Harvey v. Security Trust Co.

218 N.W. 679 | Mich. | 1928

The bill praying construction of a paragraph of the will of Mary E. Harvey, filed against defendant as trustee, was dismissed and plaintiff has appealed.

After making a number of bequests, chiefly of money and jewels, testatrix devised and bequeathed the residue of her estate to Security Trust Company of Detroit in trust for certain purposes, among them the paragraph in question, which we quote:

"My trustee shall then divide the residue of said trust property into three (3) equal shares or portions. *285 One (1) of said shares shall be forthwith paid and delivered by my trustee to my daughter, Bessie M. Harvey Swartwout. One (1) of said shares shall be forthwith paid and delivered by my trustee to my daughter, Marguerite L. Harvey. The remaining one-third (1/3) share of said trust property I direct my trustee, for personal reasons, to hold for the use and benefit of my son, Fred P. Harvey, under the terms and conditions herein set forth. My trustee shall pay to my said son, in reasonable instalments, the entire net income from his said share of said trust property for and during the period of his natural life; provided, however, that if my said son shall be divorced from his present wife, Georgia Harvey, or in the event that she should predecease him, I direct my trustee, upon being furnished with reasonable proof of the existence of either of said conditions, to forthwith pay and deliver to my said son the entire residue of his share of said trust estate."

The reference to divorce is challenged as void because against public policy.

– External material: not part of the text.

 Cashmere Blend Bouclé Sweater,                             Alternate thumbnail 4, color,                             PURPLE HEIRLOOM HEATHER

The will was admitted to probate and the estate administered thereunder. Finally, on July 24, 1924, the following order was made and entered in the cause in the probate court:

"This day having been appointed for the examination and allowance of the final account of the Security Trust Company, executor of the last will and testament of said deceased, and for hearing its petition praying that the residue of said estate be assigned to the Security Trust Company as trustee of said estate; due notice of the hearing thereof having been given as directed by this court; upon examination:

"It is ordered that said account be and the same is hereby allowed as therein stated. And it further appearing that the debts and legacies of said deceased, the funeral charges and expenses of administration have been paid in full and said estate fully administered, and that the inheritance tax due the State of Michigan from said estate has been full paid:

"It is further ordered that the residue of said estate be and the same is hereby assigned to the said Security *286 Trust Company, trustee of said estate, in accordance with the provisions of said will." * * *

No appeal from the order was taken. This bill was filed nearly a year later. The shares of the daughters have been turned over to them. The trustee retains under the will and the appointment the share of plaintiff and is paying to him the income.

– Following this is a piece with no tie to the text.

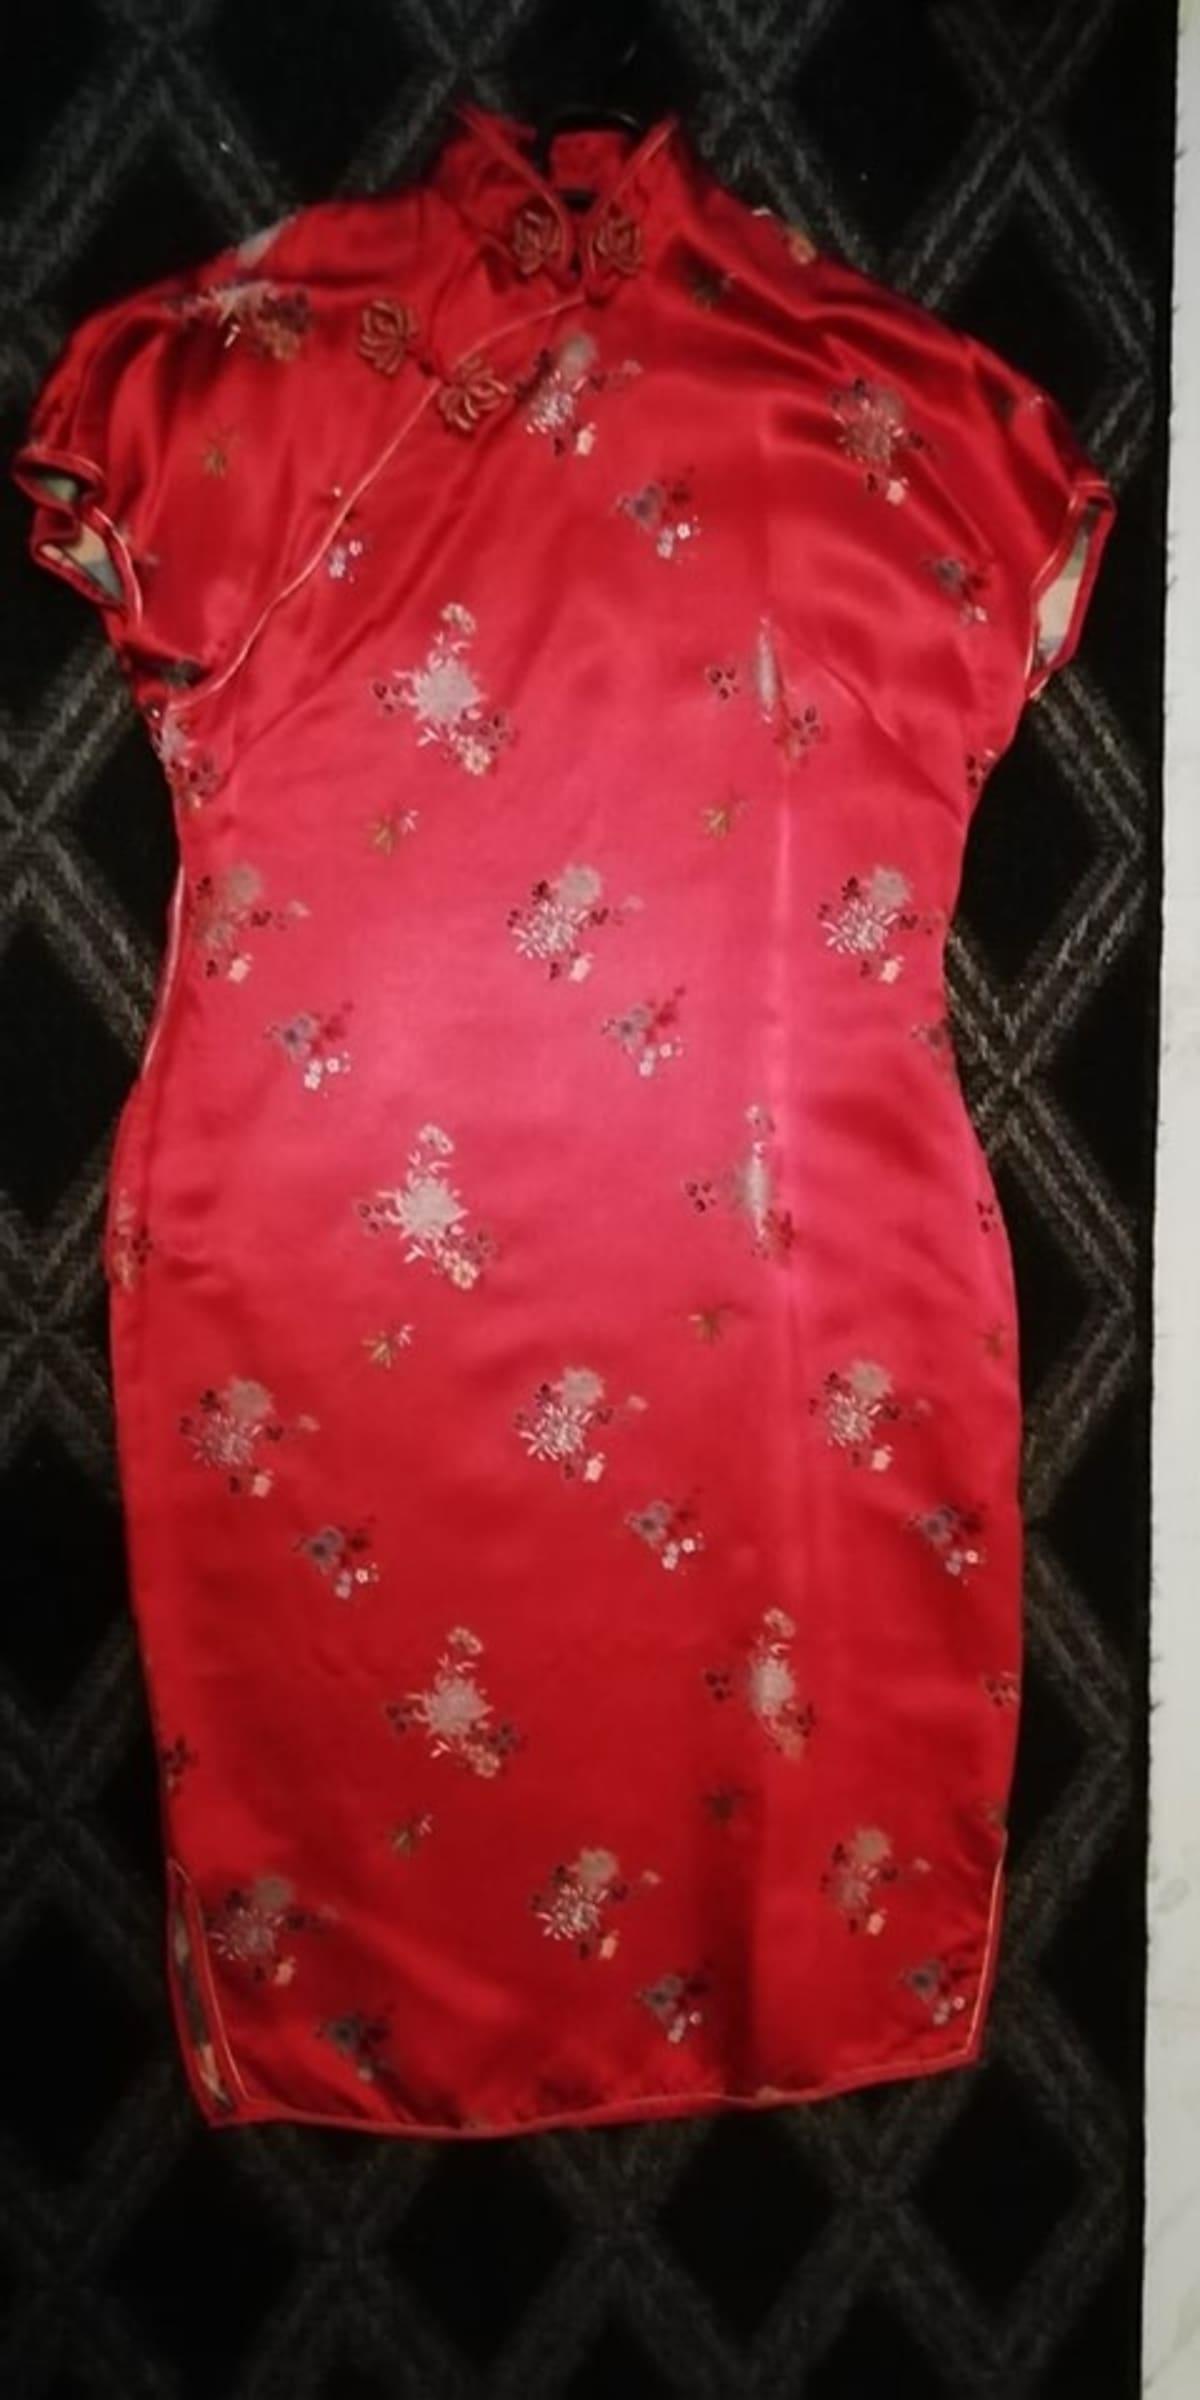 Vaateaarre kiinalainen qipao mekko.

Plaintiff contends that there is no trust, that the provision respecting trust of his share is void and that the bequest is his in law free from condition. This is not a case of uncertainty or ambiguity of language in which advice of the court is sought. The bill challenges directly the very existence of a trust and indirectly the validity of the order of the probate court. The probate court, by its order assigning residue to the trustee, recognized the existence of a valid trust and that the estate was to be disposed of according to the will "so far as such will may operate upon it." 3 Comp. Laws 1915, § 13787. The order of the probate court is in effect that the provision of the will is valid. The question has been adjudicated by the court of competent jurisdiction. Such adjudication may not be ignored. Nor is it open to collateral attack.

The statutes and cases are reviewed in Chapin v. Chapin,229 Mich. 515, where by bill a trust was attacked as offending a statute, and it was held that the matter had been adjudicated by the probate court. The case is decisive of the question here presented. See, also, Thompson v. Thompson, 229 Mich. 526;Raseman v. Raseman, 234 Mich. 237; Riebow v. Ensch, 220 Mich. 450.

Decree affirmed, with costs to appellee.

NORTH, FELLOWS, WIEST, McDONALD and SHARPE, JJ., concurred.

The late Chief Justice FLANNIGAN did not sit.